A Sri Lankan girl with hereditary hemorrhagic telangiectasia (Osler–Weber–Rendu syndrome) is described.
Case presentation
She presented with recurrent spontaneous epistaxis, pulmonary arterio venous malformation and oral telangiectasia. A diagnosis of Hereditary hemorrhagic telangiectasia (Osler–Weber–Rendu syndrome) was made based on the presence of three Curacao criteria (out of four). Evaluations of her jaundice revealed chronic parenchymal liver disease with multiple nodules in the liver with early portal hypertension. She had a muscular build, with elevated serum testosterone but low serum dehydroepiandrosterone sulphate levels. This could be attributed to impaired sulfation of dehydroepiandrosterone due to portocaval shunting of blood, leading to hyperandrogenemia.
Conclusions
Hyperandorogenemia due impaired sulfation of dehydroepiandrosterone as a result of portocaval shunting is seen in Hereditary haemorrhagic telangiectasia.
A 16-year old girl from a remote village in Sri Lanka is described.
Case presentation
She was referred from the Paediatric Cardiology Unit to the University Unit of Lady Ridgeway Hospital for Children (LRH) for further evaluation of jaundice. She was the only child born to non consanguineous healthy parents and was well till 14 years of age, when she sought medical advice from the local hospital for exertional dyspnoea. At presentation to the local hospital she was detected to have central cyanosis and clubbing but otherwise clinically normal. Her haemoglobin was 18 g/dl and the packed cell volume was 54%. Her platelet count was 73 × 109/l and SpO2 82%. The echocardiogramme revealed a pulmonary arteriovenous malformation (AVM). The ultra sound scan (USS) of the abdomen showed a normal liver and no splenomegaly.
She was referred to the cardiology unit of LRH for further evaluation. At LRH contrast echocardiogramme was performed which showed evidence of pulmonary arteriovenous fistula. The finding at cardiac catheterization was compatible with bilateral diffuse pulmonary AVMs. Due to the diffuse nature of the pulmonary AVM she was managed conservatively.

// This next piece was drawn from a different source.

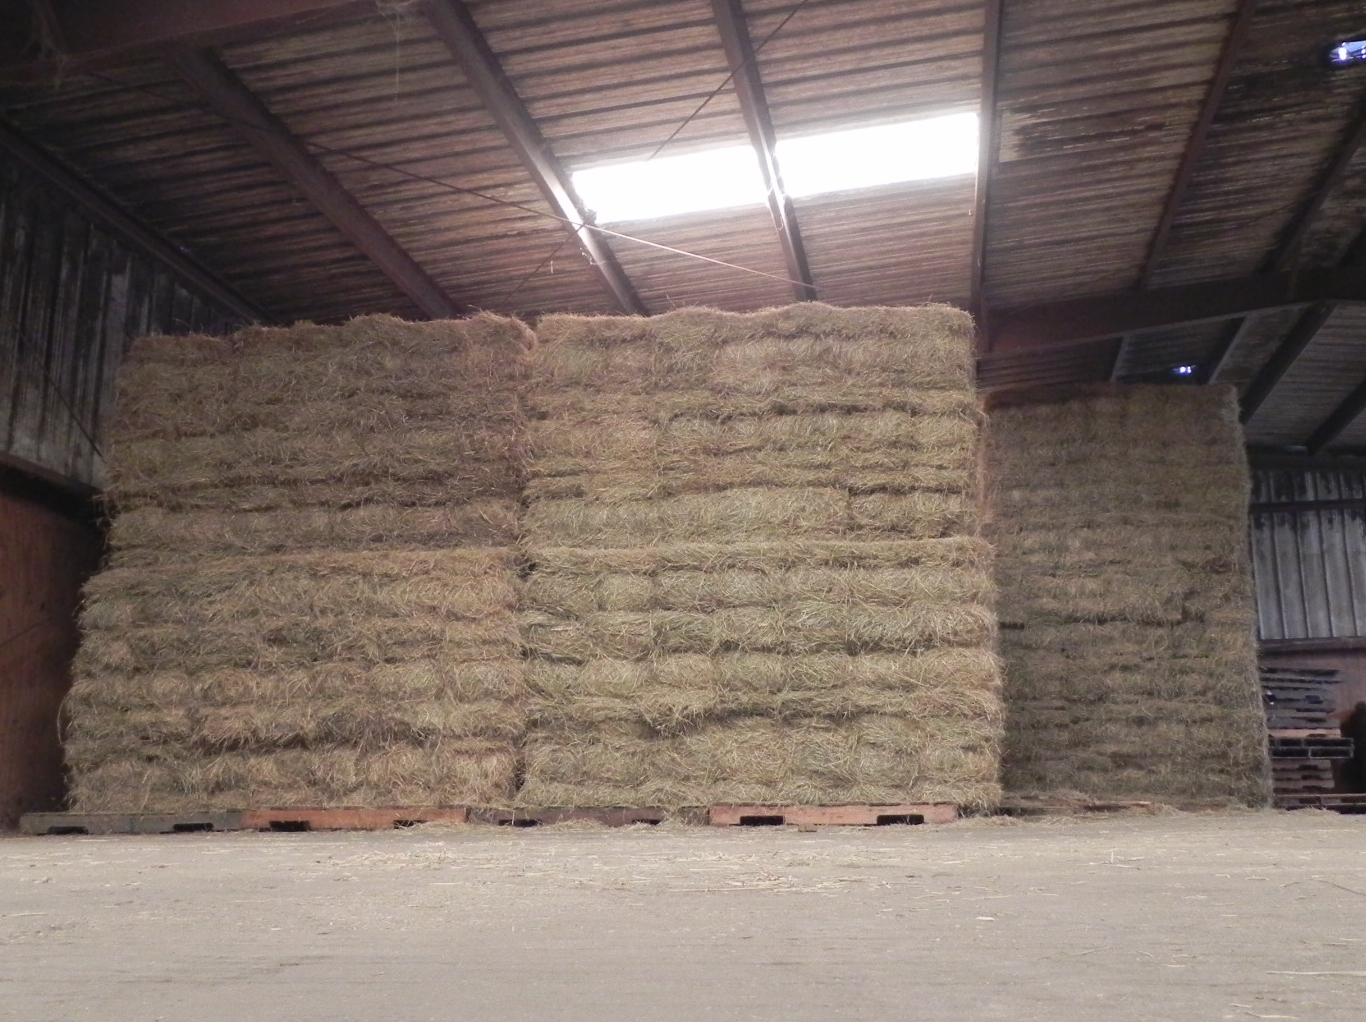 Southeast Texas Hay Supply Steinhauser S

Two years later, at the age of 16 years she developed spontaneous recurrent epistaxis. She was also noted to have jaundice. Examination revealed deep jaundice, plethora, central cyanosis and clubbing. There were no other peripheral stigmata of chronic liver disease. She had coarse facial appearance. There was no cutaneous telangiectasia. Abdominal examination revealed a firm hepatomegaly of two cm, but no splenomegaly or ascites. Rest of the abdominal examination was normal. Cardiovascular system examination revealed a systolic murmur best heard over the pulmonary area. Blood pressure was normal. Rest of the examination including respiratory system and central nervous systems were clinically normal. Ultra sound scan examination of abdomen at sixteen years revealed heterogeneous linear (Liver) echo texture, increased peri portal echogenicity with splenomegaly and varices compatible with chronic liver disease and early portal hypertension. A focal lesion was seen in segment Vl of the liver. Magnetic resonance imaging (MRI) revealed a dilated splenic vein draining separately through the diaphragmatic hiatus between the inferior vena cava and the aorta possibly into the superior vena cava through the azygous vein. She continued to be managed conservatively.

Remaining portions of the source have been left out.